People associate blockchain technology with cryptocurrencies such as Bitcoin. The applicability of blockchain technology, however, extends beyond digital currency. This game-changing technology can help create open cooperation in practically any business.

Unlike conventional organisations, where most interactions are bilateral, information sharing on the Blockchain is unmediated. Everyone in the ecosystem has access to the same information as everyone else.

The environment of open trust distinguishes it from typical supply chains in which information, commodities, and business paperwork constantly pass “along a chain.” Everything in a Blockchain-powered supply chain is shared with the whole network simultaneously. Interestingly, there is no “chain” in Blockchain since all participants are members of an ecosystem. Hence, the ecosystem is more of a network than a chain.

Due to trust concerns when interacting with other parties, traditional commerce setups generally require intermediates to facilitate information sharing. Disintermediation, on the other hand, is the cornerstone of Blockchain technology.

Blockchain technology handles information exchange by making every network member a custodian of the complete information flow inside the network. This technology eliminates the final line of defence for “information custody,” which initially prevented the internet from exploding.

Unlike the internet, where information is exchanged from point to point, communication in Blockchain is shared throughout the system. As a result, no one (including the sender) has access to more information than any other actor in the system.

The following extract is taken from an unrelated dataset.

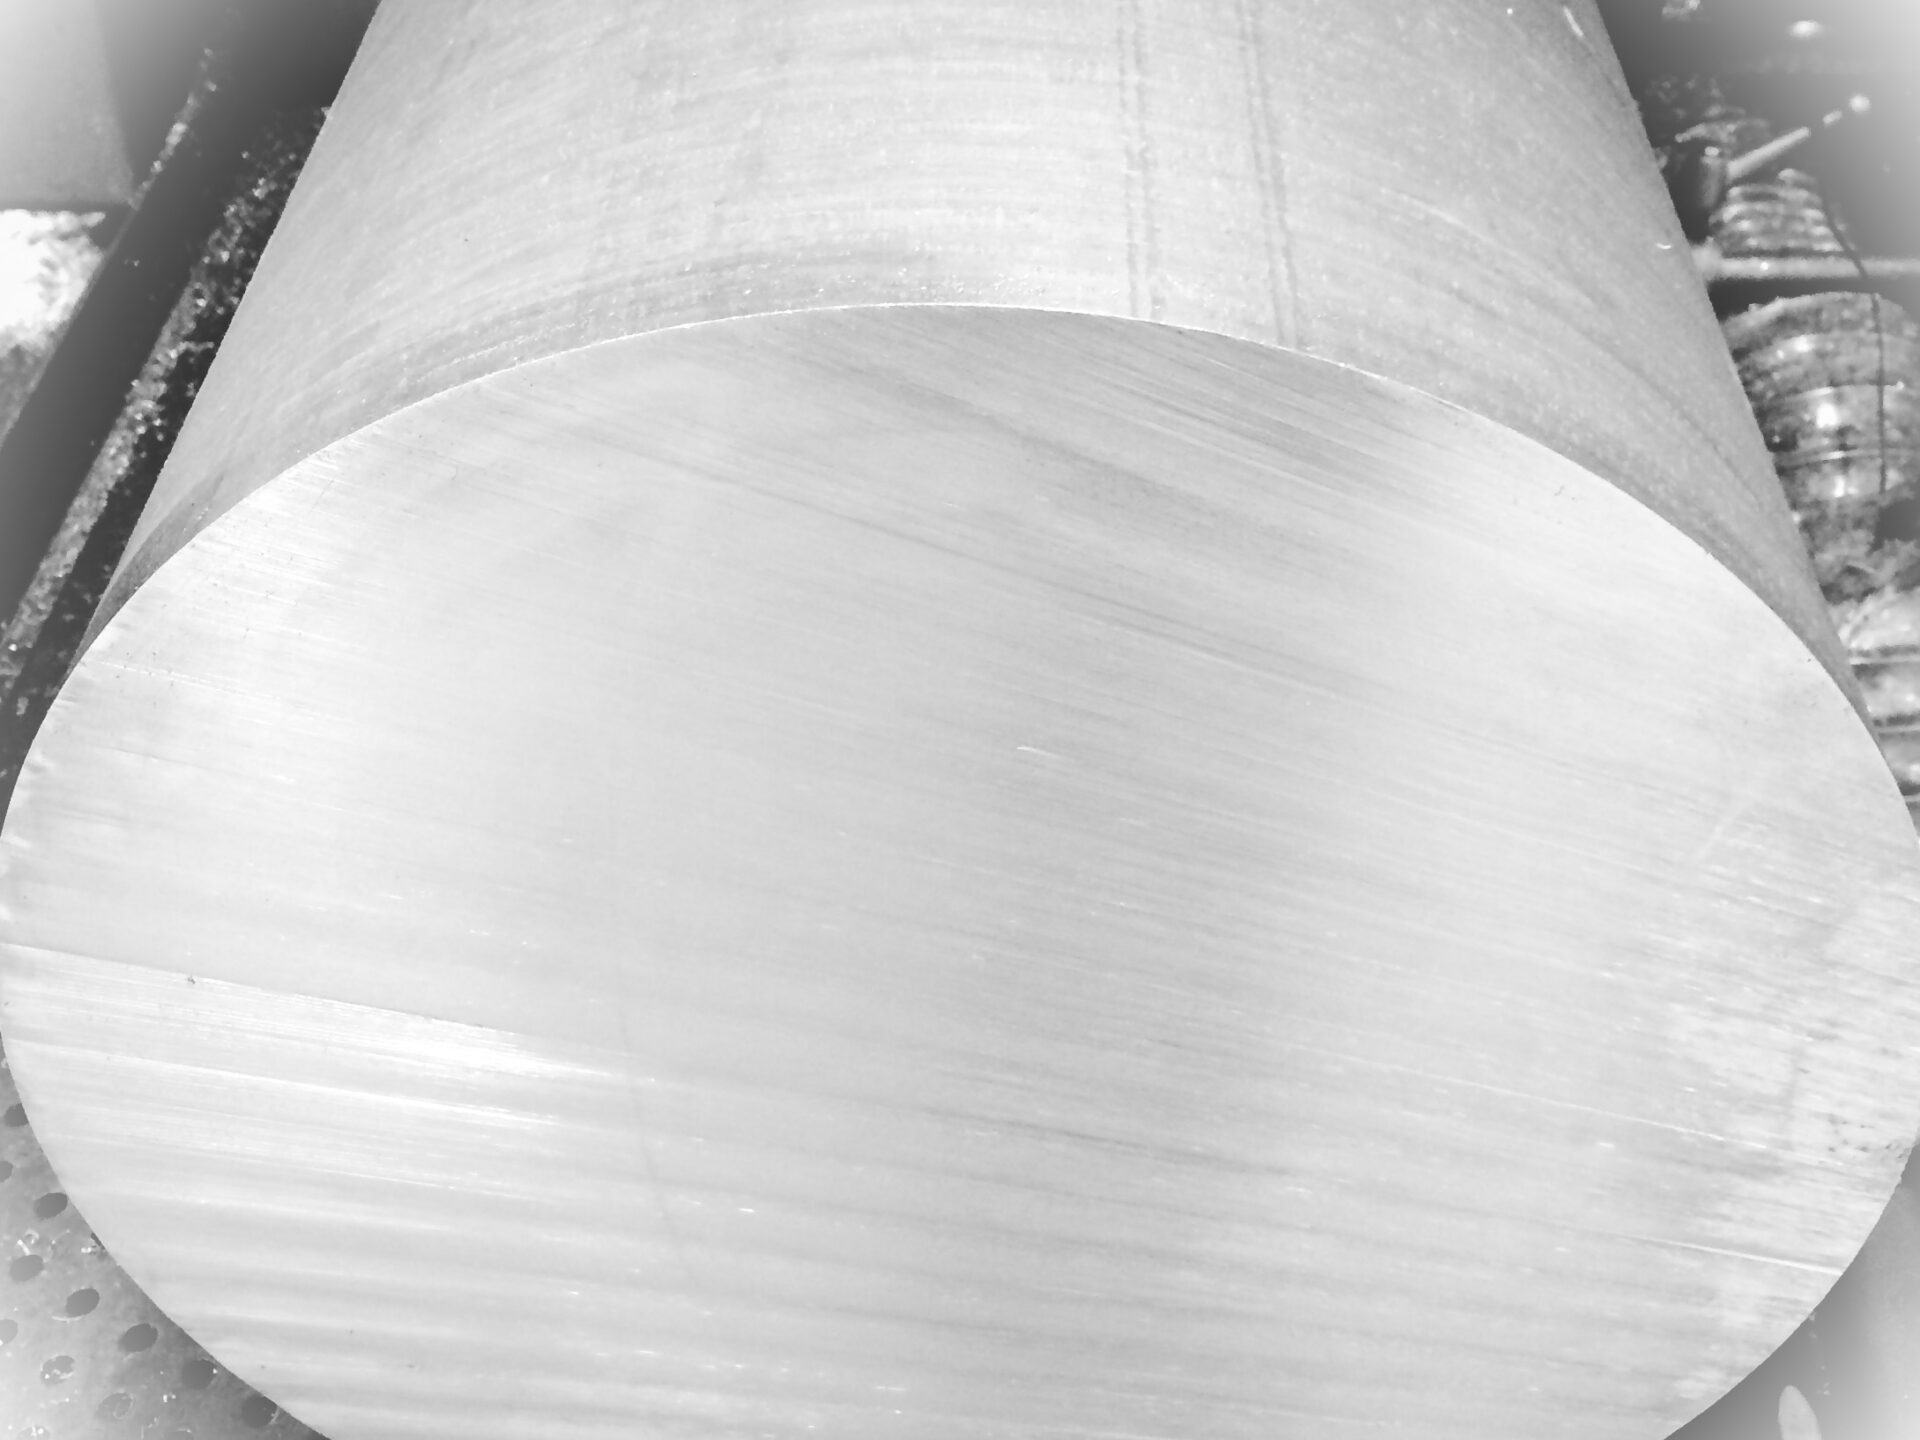 aluminium et cetera är en kompetent aluminiumleverantör
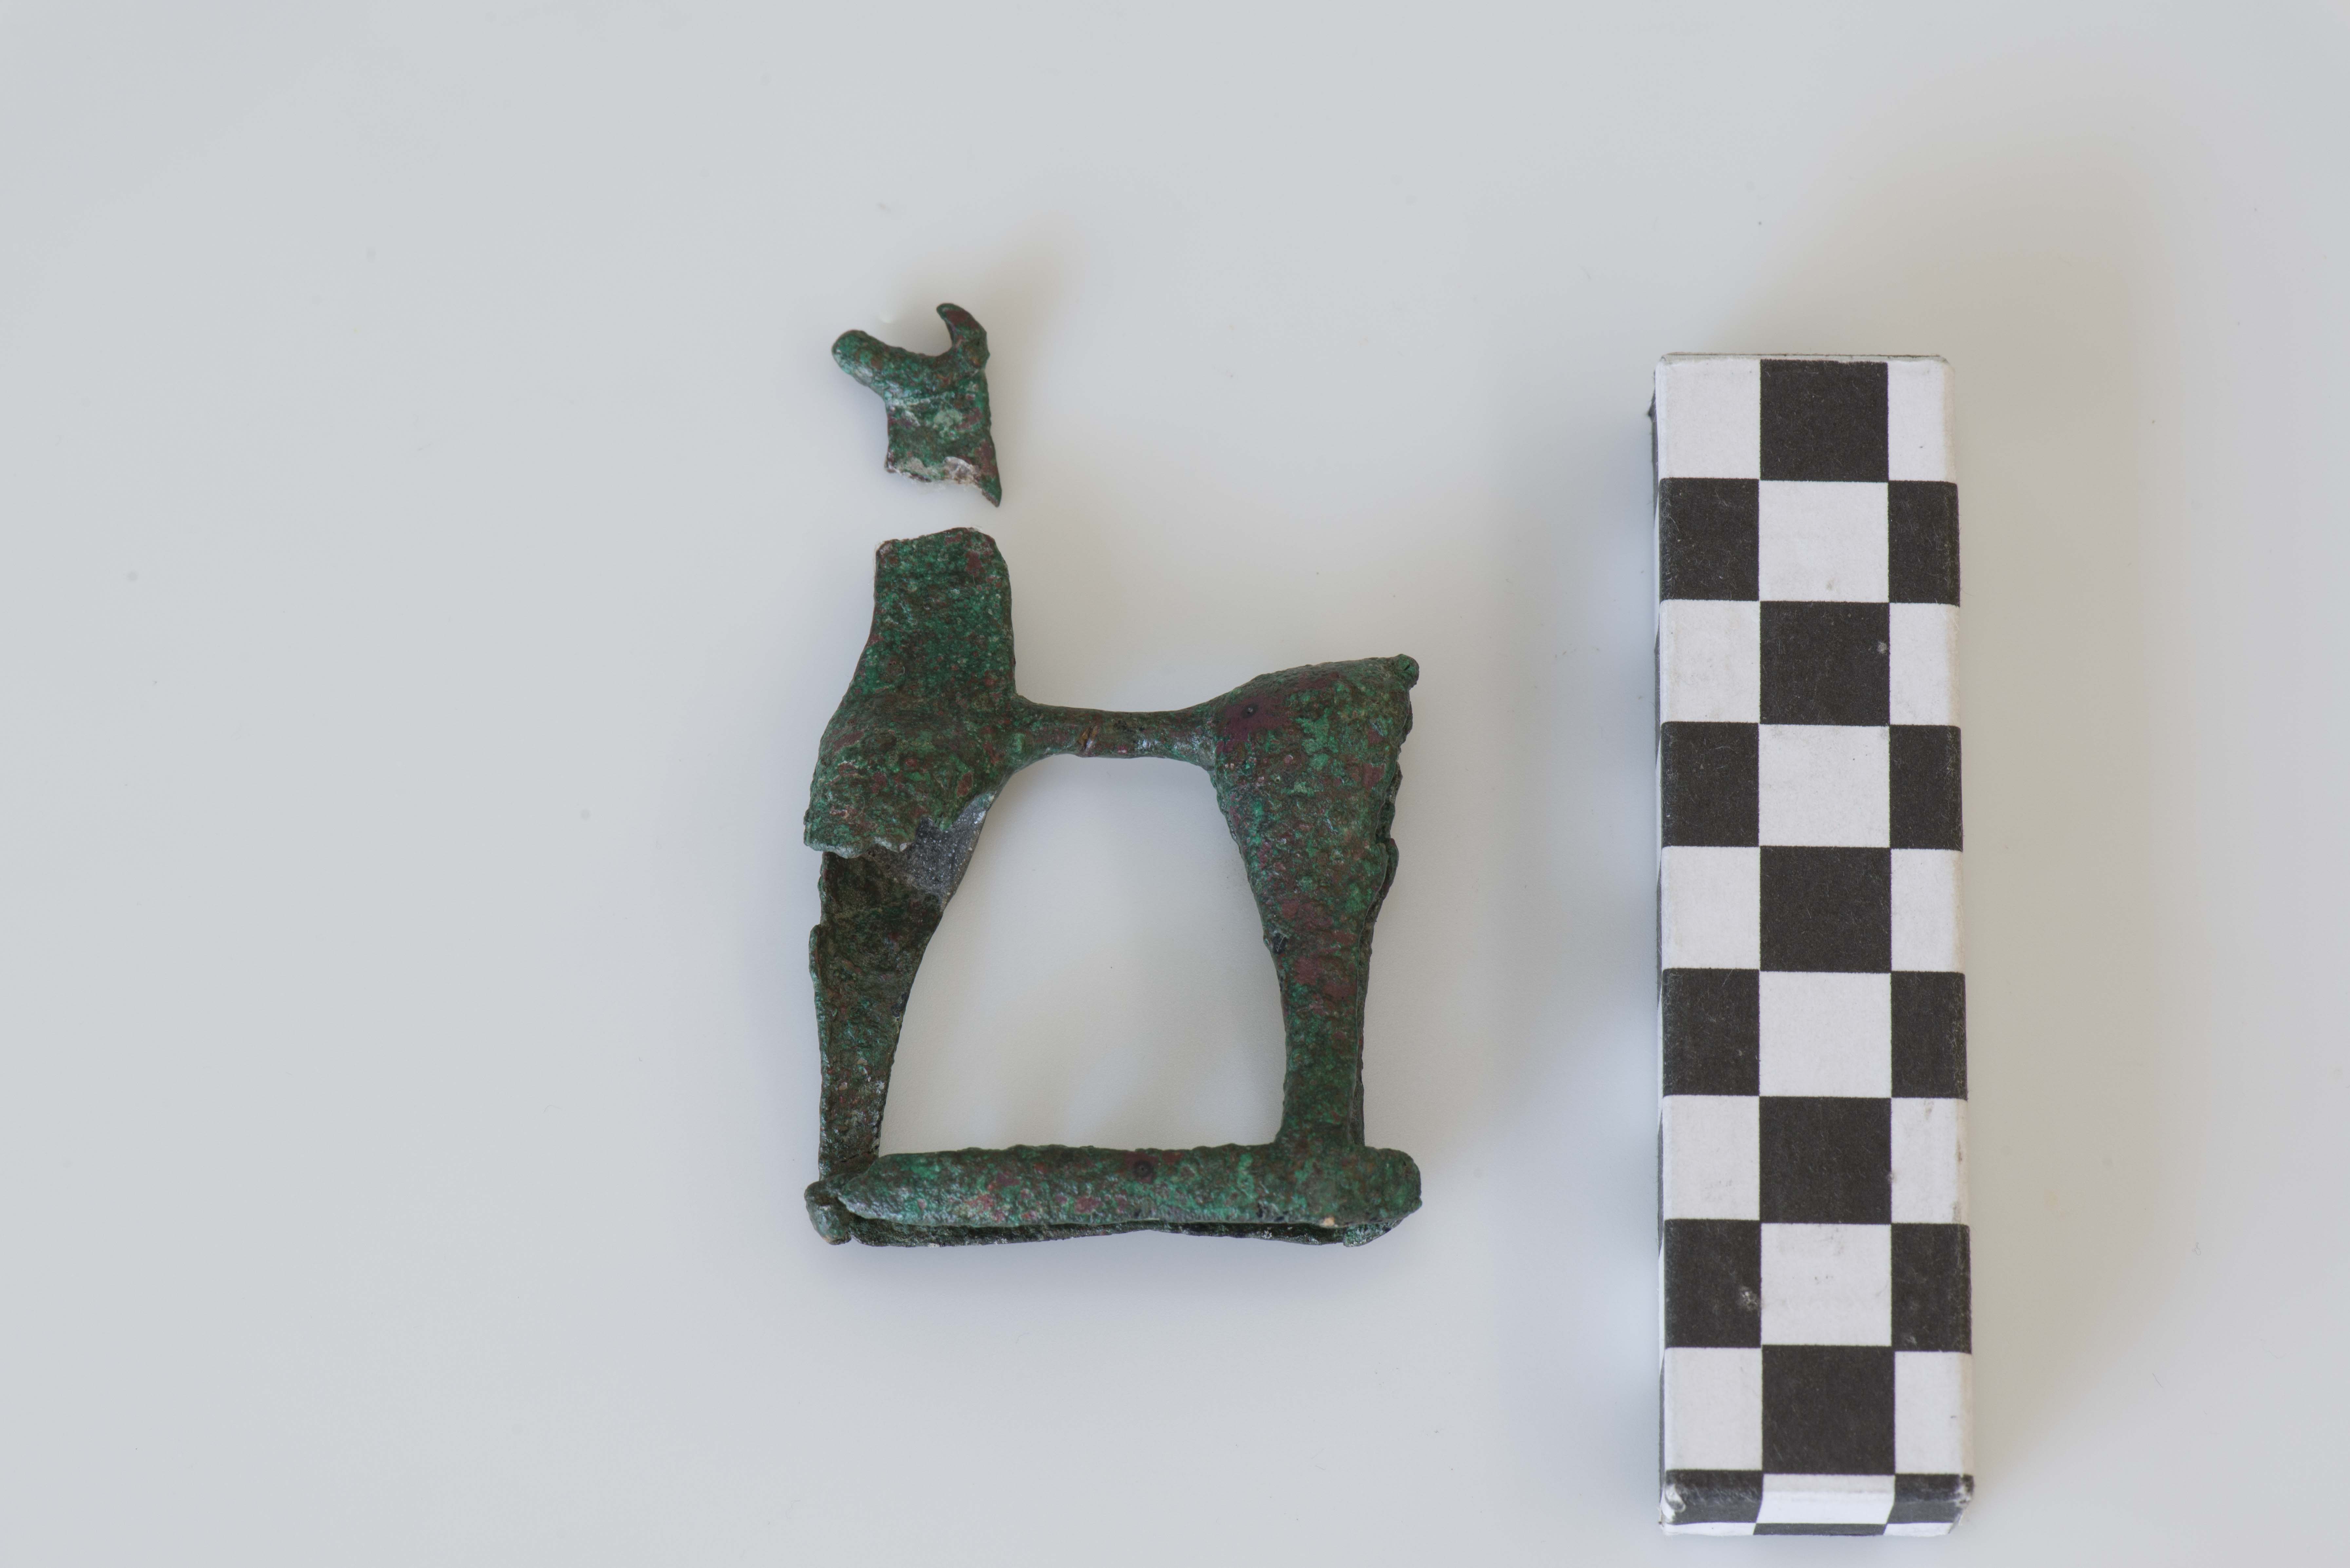 statuetta/ votiva, Cavallino in bronzo (SECOLI/ VIII a.C)

Also Read: Digital economy: the crucial role of blockchain technology in Africa

What does blockchain technology bring to supply chain management

Blockchain technology has unique attributes that would help address gaps in traditional supply chains. [Photo/Shutterstock]
The need for more open and open information availability throughout the process, caused by a variety of issues, the most serious of which are trust, technology, and old approaches, represents the traditional supply chain’s main challenge

A typical supply chain comprises several bilateral contractual links that create a supply chain adjacent to each other. Every supply chain connection represents a bottleneck for information flow, technological deficiencies, and trust loss. The gaps lengthen the supply chain cycle and increase the extended supply chain cost due to assumed risk at every link, resulting in an overall detached supply chain from the end-user’s point of view.

Through an open permissioned ledger system, blockchain technology can fill these critical gaps. The technology establishes an eco-system in which information flows freely, but with approval, lowering the anticipated risk in the supply chain and, as a result, reducing overall cost while making the supply chain more flexible and agile.

The exact positioning of the linkages is the crucial distinction between conventional and Blockchain-enabled supply chains. A connected network enables links in traditional supply chains, connecting every participant as an equal actor.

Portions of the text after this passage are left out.